Employers who self-insure are not affected by the “essential benefits” requirement, but employers who purchase coverage in the small group market for about 60 million people altogether are clobbered.

The one-size fits all requirement adds a whopping $1.79 an hour to the cost of a forty-hour-a-week employee, and over $2 an hour in New York and New Jersey, where health plans are more expensive, according to economist James Sherk of the Heritage Foundation. It’s one thing if you’re paying lawyers and accountants, but unaffordable for waiters and receptionists. Those are among the 25 to 30 million who will lose coverage. 

Michael Kennedy, who runs two dog grooming salons near Albany, New York, said the requirement doubles his insurance cost from $133 to $326 per month per employee, eating away at his small profit.

Employers with fewer than fifty full-time employees will be the first to drop coverage, when they see the new, higher premiums. Organizations with fifty or more full time workers are in a different spot, because there is some possibility that they would eventually be fined for dropping coverage. The Affordable Care Act says these employers shall provide coverage starting January 1, 2014. The president delayed it (without legal authority) until January 1, 2015, and it may never happen. Nevertheless, employers are preparing in case it does.

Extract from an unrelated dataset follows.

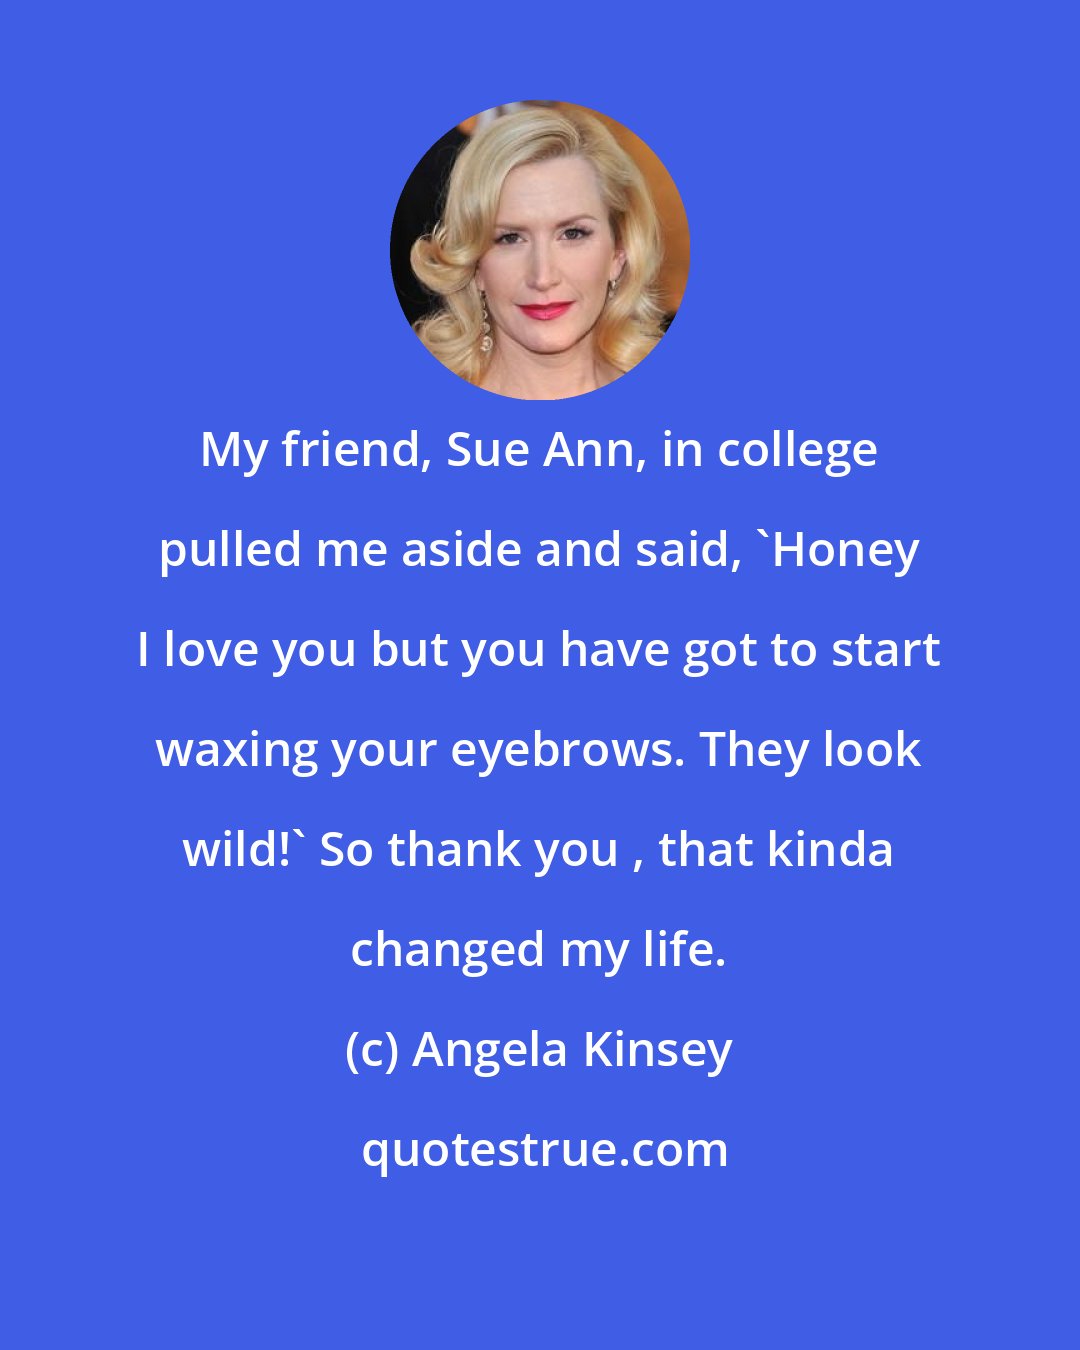 Angela Kinsey: My friend, Sue Ann, in college pulled me aside and said, 'Honey I love you but you have got to start waxing your eyebrows. They look wild!' So thank you , that kinda changed my life.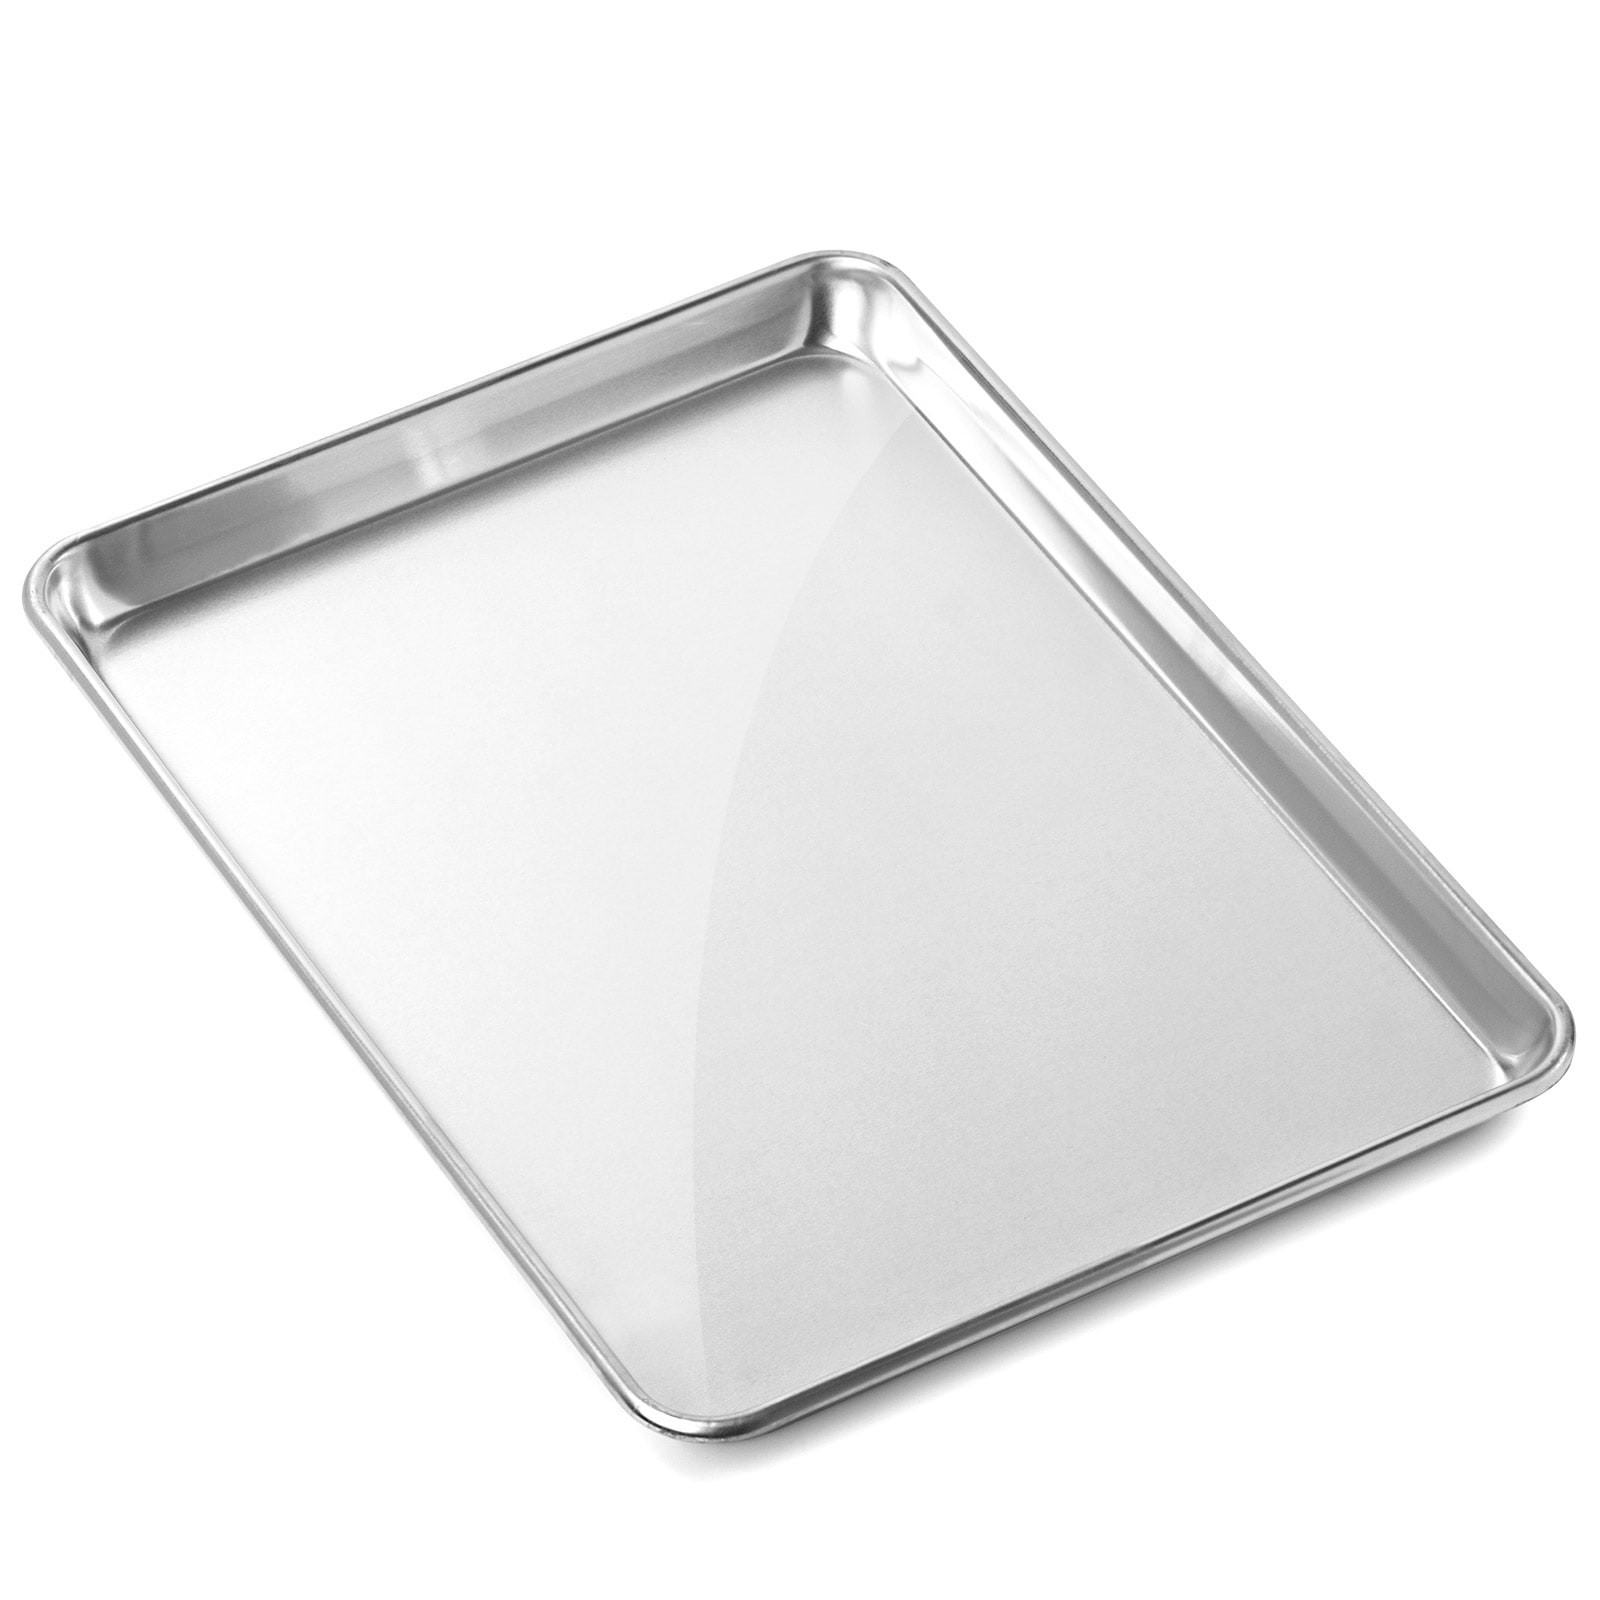 13 x 18 Inch 6-Pack, Commercial Aluminum Cookie Sheets by GRIDMANN

Last year at this time, public and private sector employers began pushing full-time workers down to part-time status and avoiding full-time hiring. An astounding 77% of hires in the first seven months of 2013 were part-time. Once the president delayed the mandate, full-time hiring bounced back. But the possibility of the mandate is likely to cause a repeat of last year’s problem.

If the mandate goes into effect, employers with over fifty employees will have to either provide the “essential benefits” and pay fees levied on covered employees by Obamacare and cope with federal reporting requirements —

OR they will have to drop coverage and pay a $2,000 penalty per uninsured employee (after the first thirty). The penalty adds 98 cents an hour to the cost of a worker, instead of $1.79 or more. 

It’s not a bargain, however, for most employees losing coverage. Workers with on-the-job coverage contribute $999 year in pre-tax dollars on average and have an average deductible of $1,135 for individual coverage, according to the Kaiser Family Foundation. On Obamacare exchanges, all but the lowest earners will pay more, even after subsidies, pay with after-tax dollars, face deductibles of $3,000 to $5,000 for silver and bronze plans, and lose access to many doctors and hospitals.

Finally, add to the losers’ column the 3.1 million workers in fast food and other low-margin industries who had mini-med plans but lost coverage as of January 1, 2014, because Obamacare regulations bar these plans.

All in all, the toll of those losing coverage in 2014 probably will reach 30 million. And most will find Obamacare an unaffordable and low-quality alternative.